### [Your instructions]
Make an exact copy of the listing so that no picture is carried over.

### [Dataset excerpt]
····················

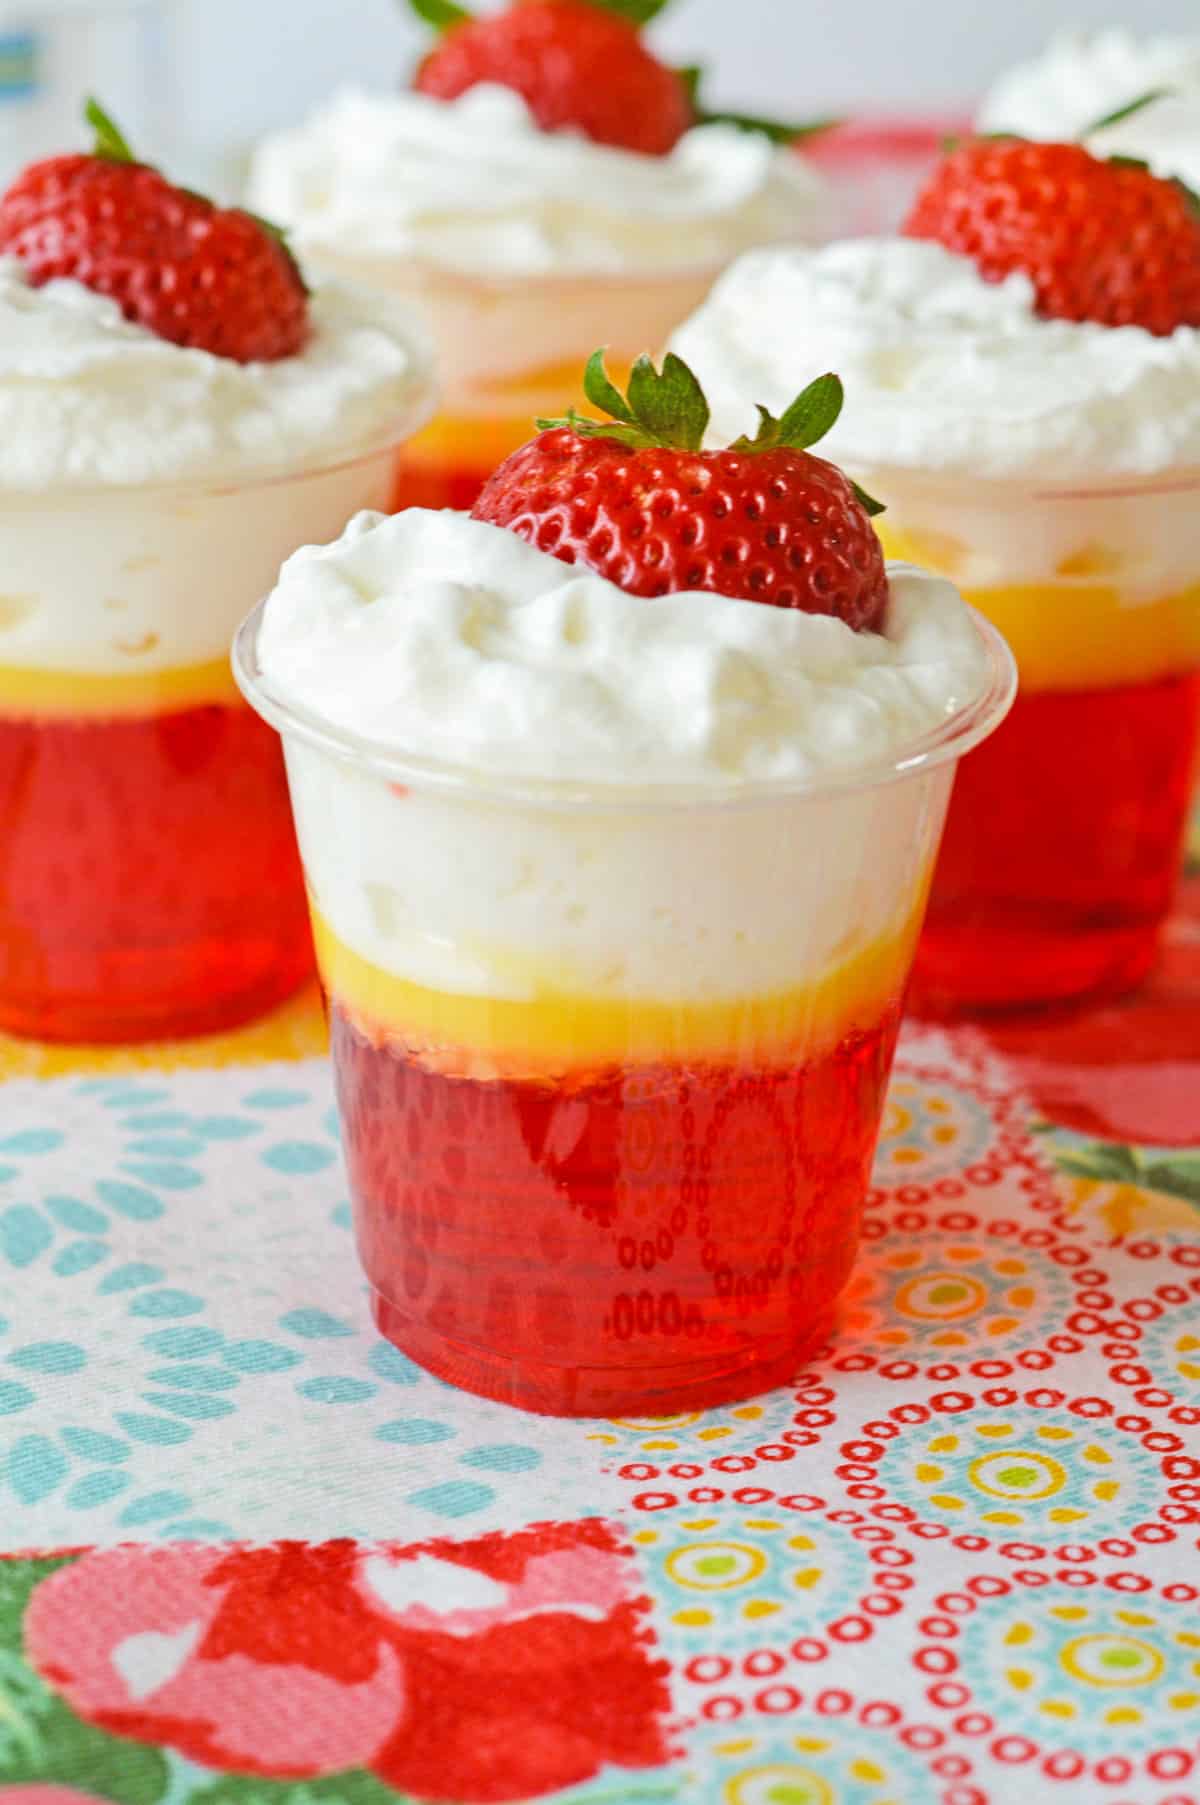 Strawberries and cream jello shots with 3 distinct layers: Strawberry jello, vanilla pudding, and whipped cream and topped with a fresh strawberry.
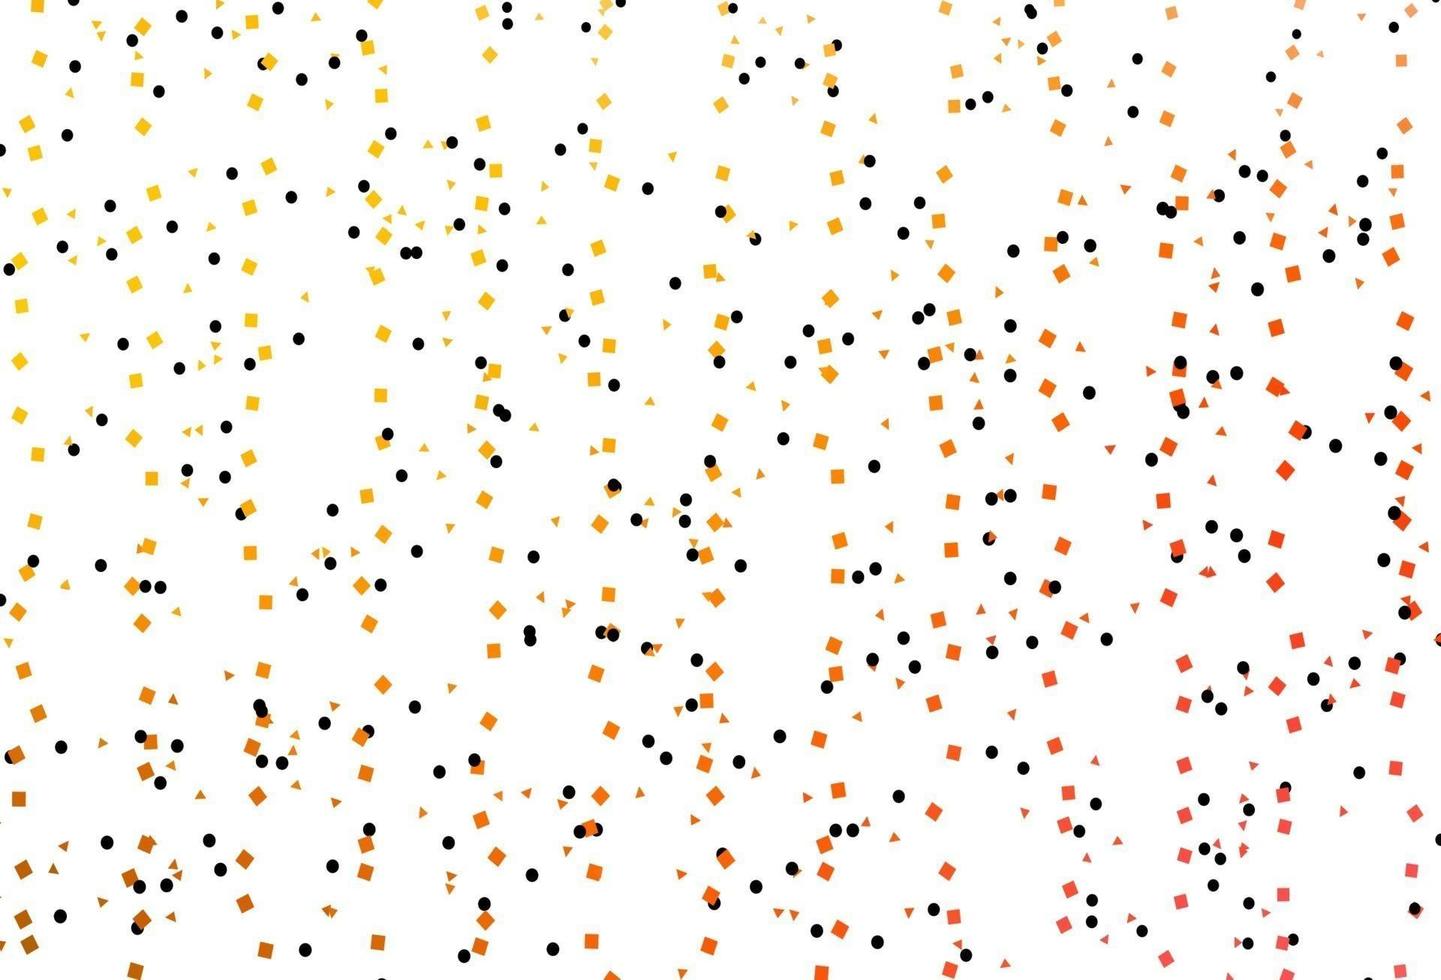 ljusgul, orange vektor layout med cirklar, linjer, rektanglar.
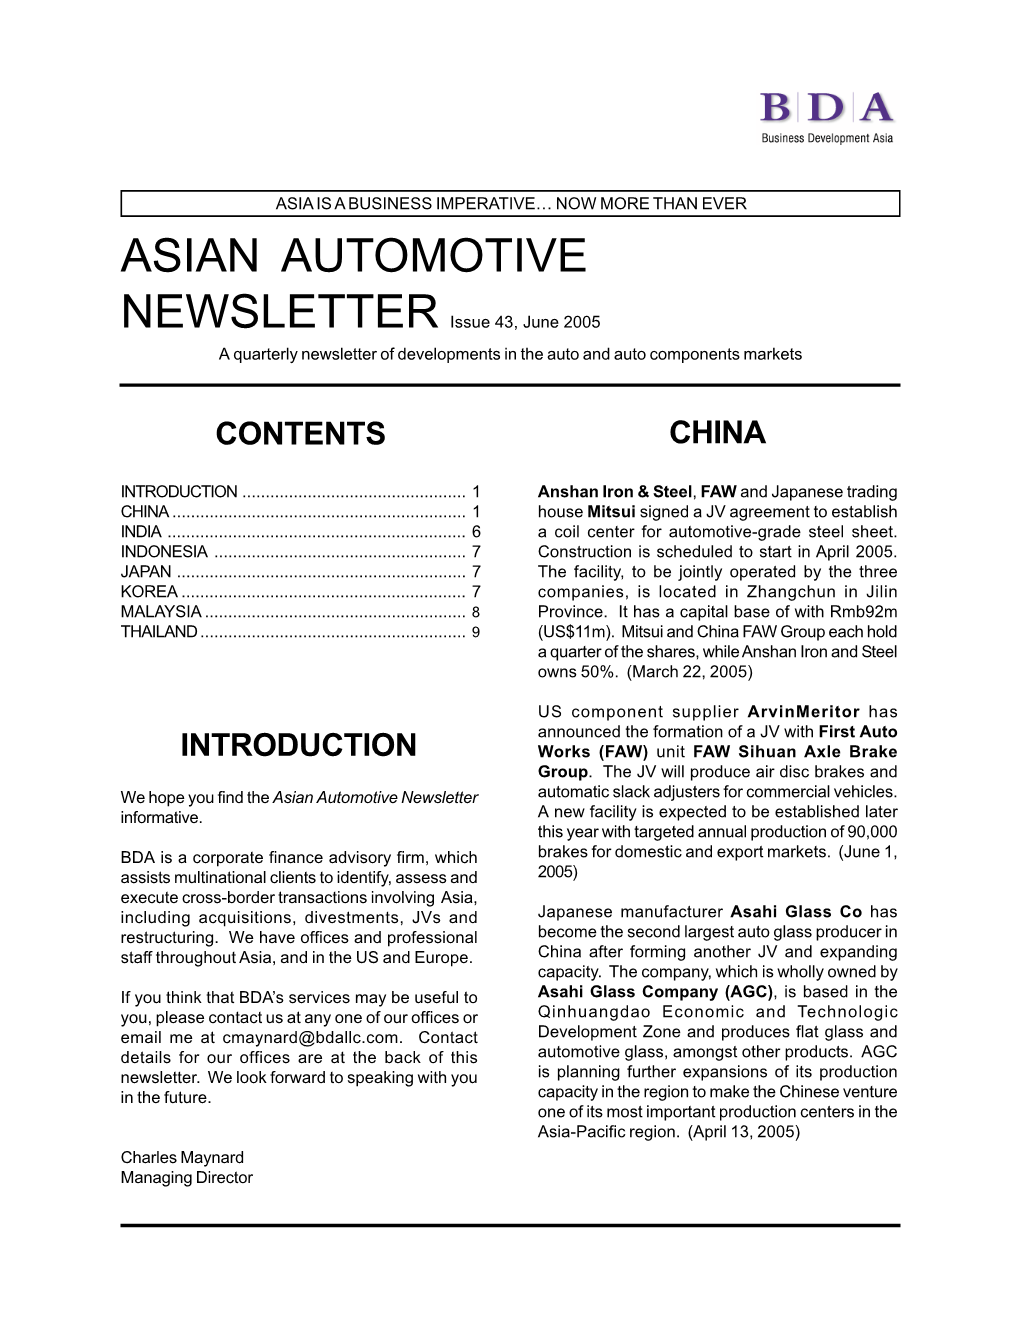 Asian Auto Newsletter Mar 2005

····················

### [Task result]
 Strawberries and cream jello shots with 3 distinct layers: Strawberry jello, vanilla pudding, and whipped cream and topped with a fresh strawberry.
 ljusgul, orange vektor layout med cirklar, linjer, rektanglar.
 Asian Auto Newsletter Mar 2005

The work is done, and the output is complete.